Женщина с фолиантом в руках сделала пару шагов прочь от окна, потом снова к нему вернулась, и грусть-тоска пошла по восходящей: траектория взлёта. Вспомнилось, что кредитор её малой строительной компании, крутой банкир и директор регионального филиала неподвластного времени «Вечного банка», уже пару недель, как подрабатывал таксованием – благо, что не посадили, хоть и держали и на крючке, и на коротком поводке. Ведь кризис – он и в Африке безденежье, зато человек нашёл своё призвание, смысл и трудовую копейку и даже займ обратно покамест не требовал («Пусть только попробует! Свой откат получил копейка в копейку и в урочный час! В чемодане и из рук в руки, хоть и без расписки, а по понятиям!»). Однако подпитаться рыночной ликвидностью с той поры было не у кого, и вся надежда Ирины Варфоломеевны оставалась только на очередную -дцатую по счёту госсубсидию и на знатную чиновницу Богиневу-Веселухину, которая безвозмездно, то бишь даром, по подписке размещала средь жаждущих и страждущих, жадною толпой стоящих у трона, благотворительные деньги на развитие и процветание их малых бизнесов. Сама чиновница, конечно, нигде не светилась и никаких следов для пытливых и завидущих глаз грядущих исследователей и следователей не оставляла: раздавала не так, чтобы сразу направо и налево, а постепенно, частями, порой – направо, подчас – налево. Но чаще всего – наверх. Сотворяла свой большой гешефт через посредников-чемоданоносцев. Богиневой-Веселухиной всё сходило с рук. Версии ответов на вопрос «почему?» по кулуарам бродили разные. Либо первый муж чиновницы был не быком, а Юпитером, даже если мужа никогда и не было. Либо она, как и её партнёры-подельники, всего-навсего любила всё возвышенное, Марсельезу и Мерседесы, даже если сначала о последних просто мечтала, а потом на ниве поддержки купцов и мелкого бизнеса пересела на служебный БМВ свежей модели, только что сошедший с германского заводского конвейера: мечты сбываются – сладость духовного и идеалистичного бытия. Впрочем, первое «либо» вовсе не исключало второго.

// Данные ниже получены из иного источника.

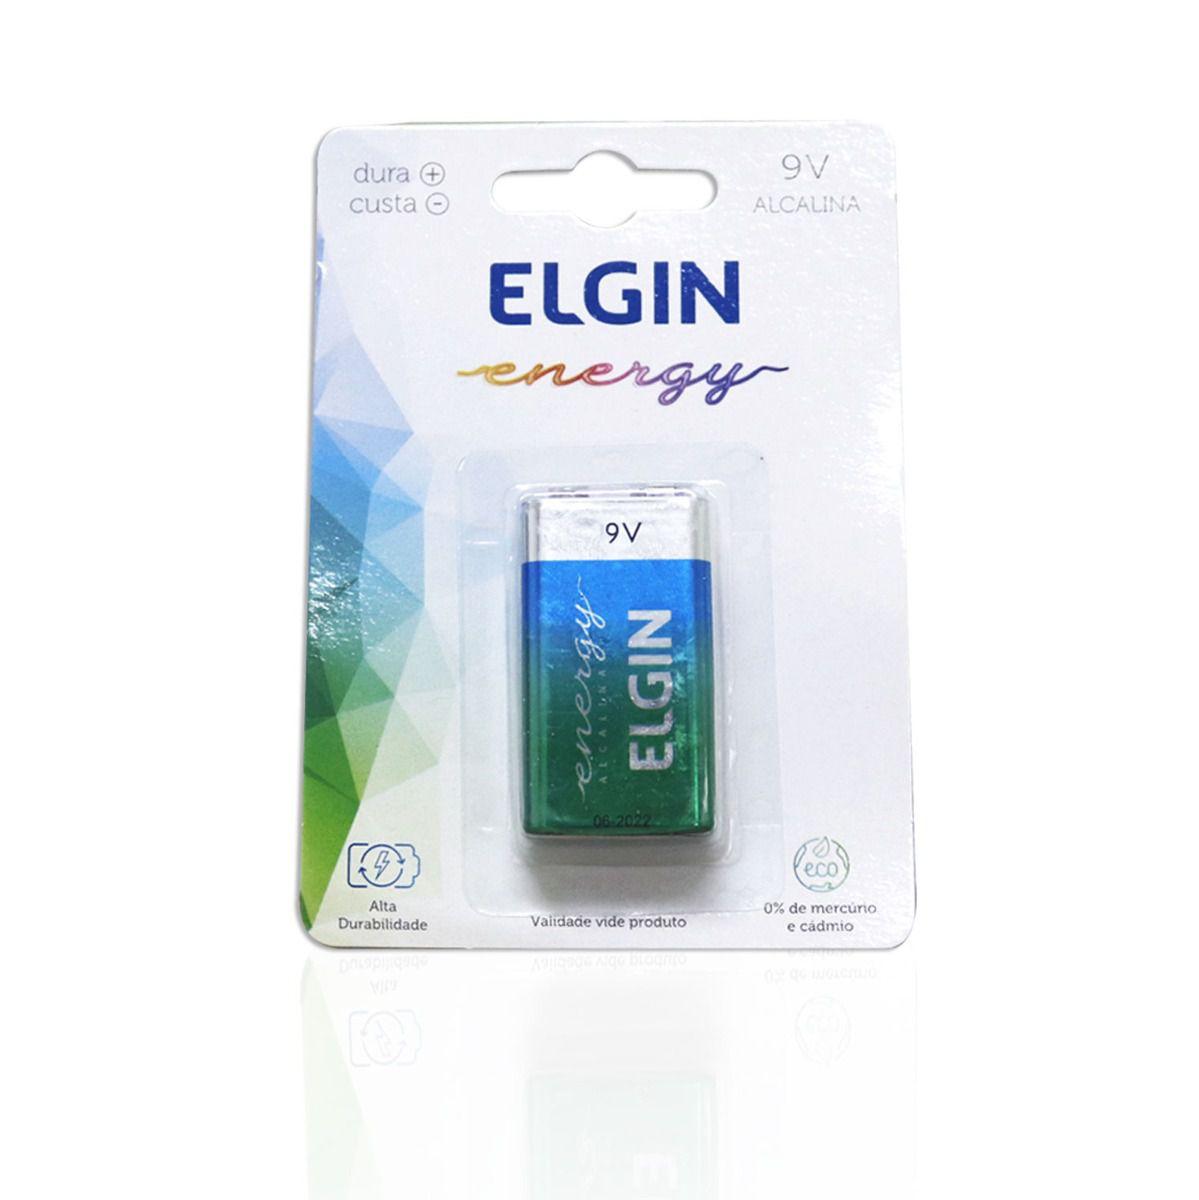 BATERIA 9V ELGIN ALCALINA ENERGY 6LR61 9V BLISTER 1 UN.

Но было и третье, самое загадочное! А вот о нём никто не заикался, хотя знающие люди и догадывались…

*****

Ирина Варфоломеевна, не отходя от окна, словно от кассы, тяжело вздохнула и раскрыла книгу: фиги там сегодня не было. Чтение захватило так, что женщина забыла о том, чтобы, как обычно, в удобной позе прилечь на кровать или комфортно угнездиться в кресле с подлокотниками. Так и стояла, взглядом и разумением буравя и жадно поглощая буквы, словеса и абзац за абзацем. И грусть-тоска вдруг приутихла. И умирание нутра затормозилось, отступило.

Вздохнулось легче, свободнее.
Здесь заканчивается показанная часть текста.